Efficient catalytic hydrogenation of levulinic acid: a key step in biomass conversion

gamma-Valerolactone (GVL) has been proposed as a sustainable liquid, and could be used for the production of hydrocarbons by using both homogeneous and heterogeneous catalytic systems. The selective reduction of levulinic acid (LA) to GVL is a key transformation for biorefinery concepts based on platform molecules. We report a detailed investigation of the conversion of LA to GVL using molecular hydrogen in the presence of a catalyst in situ generated from Ru(acac)(3), and electronically and sterically characterized alkyl-bis(m-sulfonated-phenyl)- and dialkyl-(m-sulfonated-phenyl) phosphine (RnP(C6H4-m-SO3Na)(3-n) (n = 1 or 2; R = Me, Pr, iPr, Bu, Cp) ligands.
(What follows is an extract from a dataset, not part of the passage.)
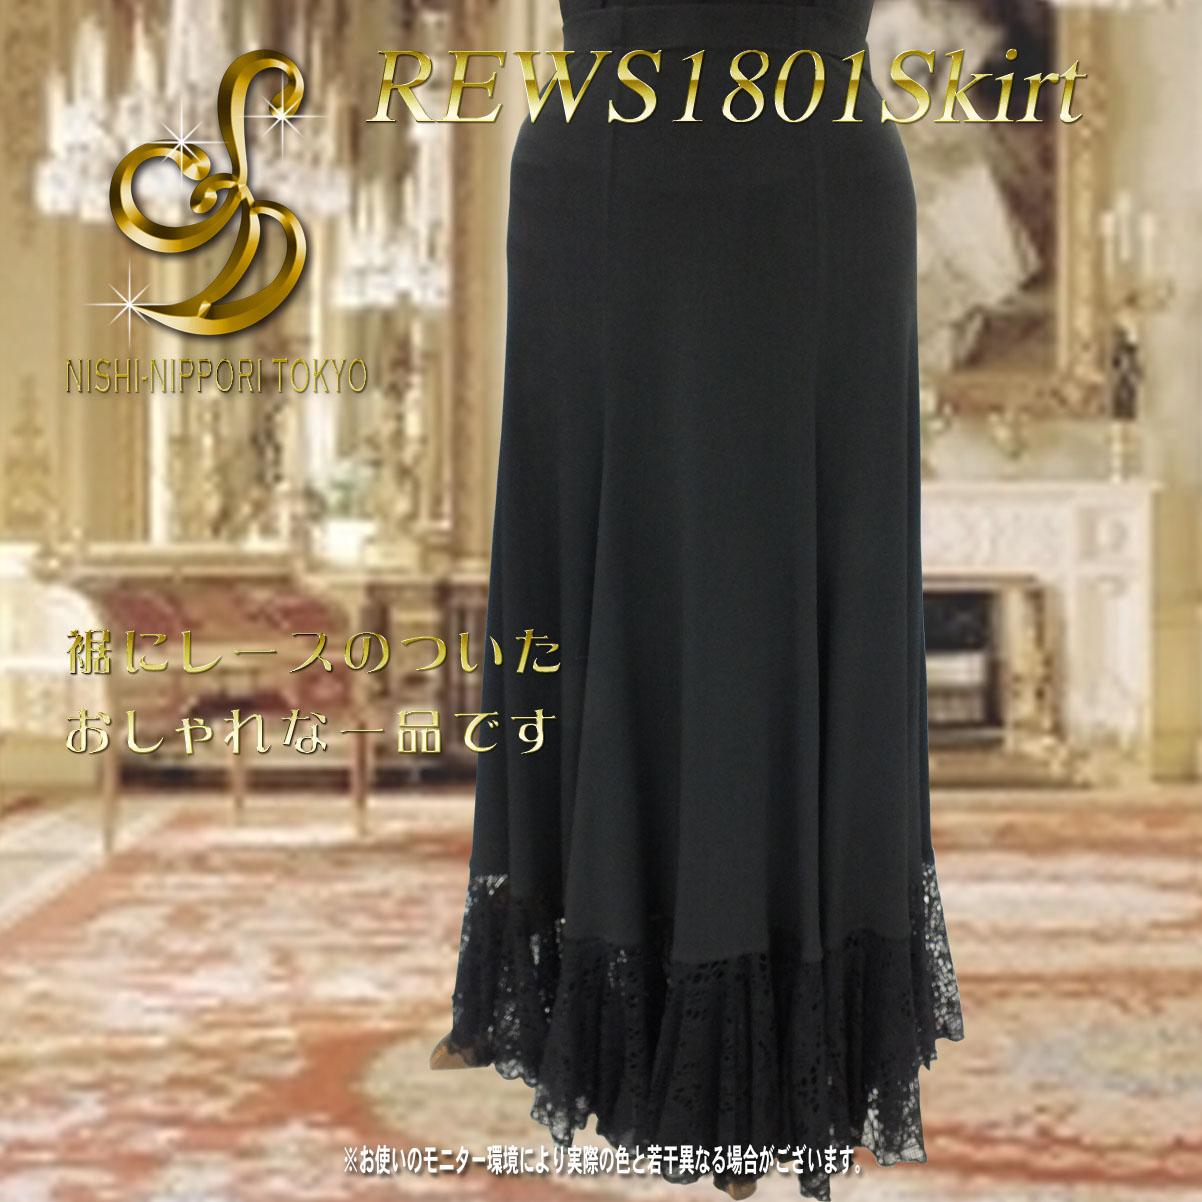 REWS1801 スカート BK(黒のみ)01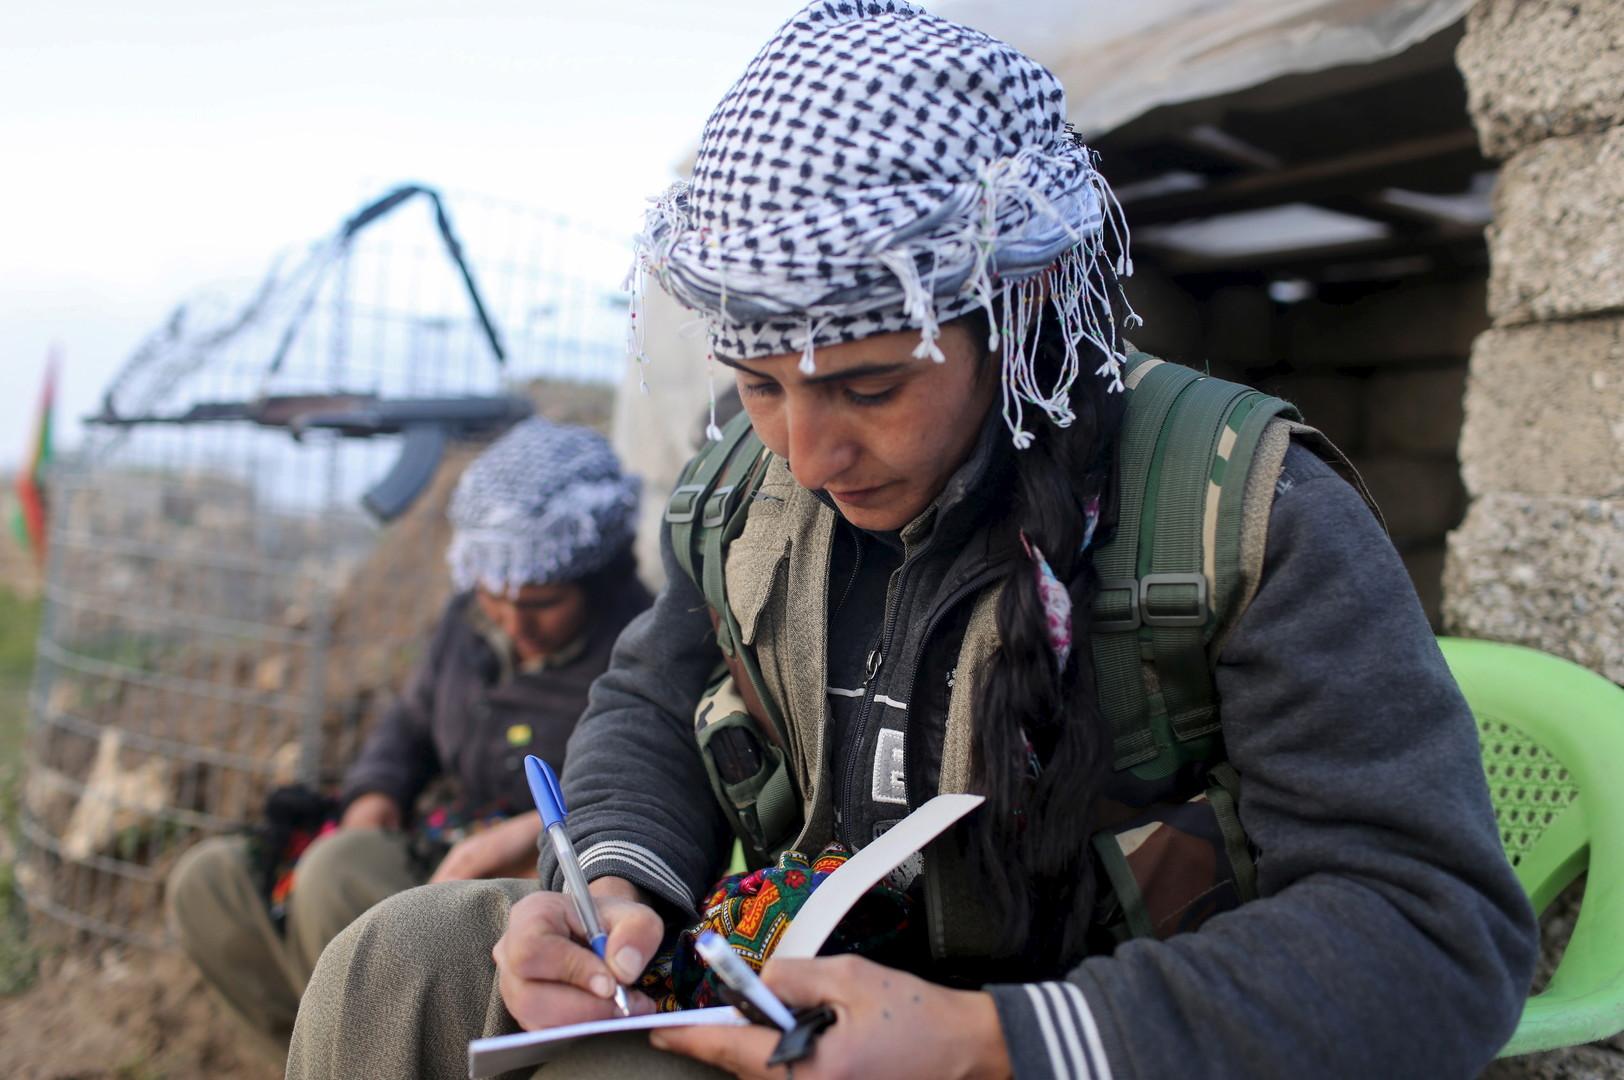 Eine Kämpferin schreibt Notizen in ein Buch, während sie ihre Wache an der Basis in Sinjar verbringt, März 2015.

The hydrogenation experiments were performed in the range of 5-100 bar H-2 at 140 degrees C using 0.016 mol% catalyst and 5-20 eqv. of ligand. The effects of hydrogen pressure and Ru/ligand ratio on the LA conversion were determined. The nBuP(C6H4-m-SO3Na)(2) (chi = 12.5, theta(Tol) = 153 degrees) showed the highest activity achieving turnover numbers up to 6200 with a yield and selectivity higher than 99% in a solvent, chlorine and promoter free reaction mixture. The catalyst was successfully recycled for six consecutive runs without loss of activity. The characterization of sulfonated and non-sulfonated phosphines indicated that the sulfonation had no significant effect on the steric and electronic properties of the ligands.